Clawson, 57, went 67-69 overall with six winning seasons and seven consecutive bowl berths from 2016-22. Struggling to maintain a foothold in a competitive ACC without ample resources related to name, image and likeness, Wake Forest went a combined 8-16 the past two years.
In retirement, Clawson will serve as a special advisor to athletics director John Currie, the university said.
“Coaching at Wake Forest has been the honor of my career,” Clawson said in a statement. ‘This is a special place with extraordinary people, and I am deeply grateful for the relationships I’ve built over the last 11 years. Together, we achieved things that many thought impossible, and I step down knowing I gave everything I had for this program and university.”
The seven bowl bids and five bowl wins are the most of any coach in program history. Wake tied a school record with 11 wins and reached the ACC championship game in 2021, earning Clawson ACC coach of the year honors. That team rose as high as No. 9 in the College Football Playoff rankings.

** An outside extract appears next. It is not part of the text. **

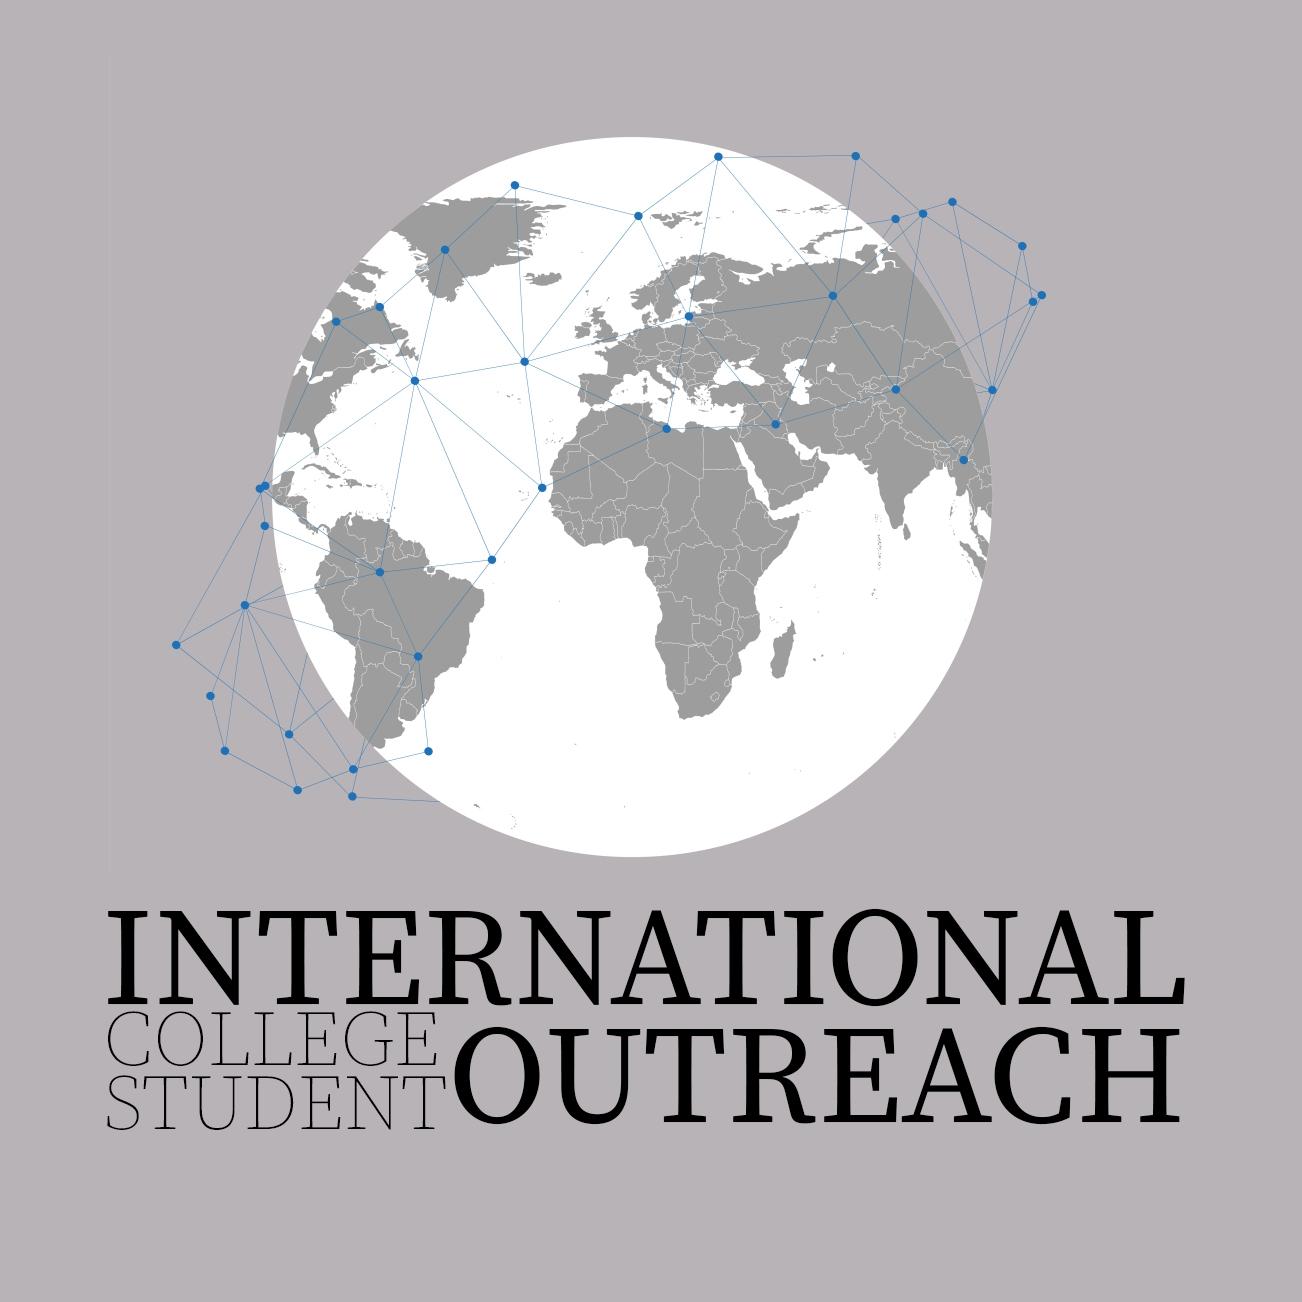 INTERNATIONAL OUTREACH.jpg

He inherited a program in 2014 that had not posted a winning record since 2008 and had just three winning seasons since 2003. Clawson’s 67 wins rank third in program history, 10 shy of the record shared by Peahead Walker (1937-50) and his predecessor Jim Grobe (2001-13).
This marked the fourth rebuilding project in a career that left Clawson as the only coach in Division I history to win 10 or more games in a season at four different schools.
Hired at Fordham in 1999, Clawson’s first team went 0-11 but his final two went a combined 19-6 with one Patriot League championship. At Richmond beginning in 2004, Clawson finished 3-8 in his debut but went 11-3 in 2007 and reached the Championship Subdivision playoff semifinals.
At Bowling Green, his first Bowl Subdivision stop, Clawson went 32-31 overall but 18-8 in his final two seasons, winning the MAC in 2013.
“Dave Clawson has been the epitome of integrity, innovation, and excellence in college football,” said Currie. “He elevated Wake Forest football to unprecedented heights, not only through success on the field but also by fostering the development of young men as leaders in life. Quite simply, Dave Clawson’s leadership, competitive drive and strategic instincts have made football at Wake Forest important, and a flagship program for our entire community and University at a scale that might have been unimaginable to most when he arrived 11 years ago.”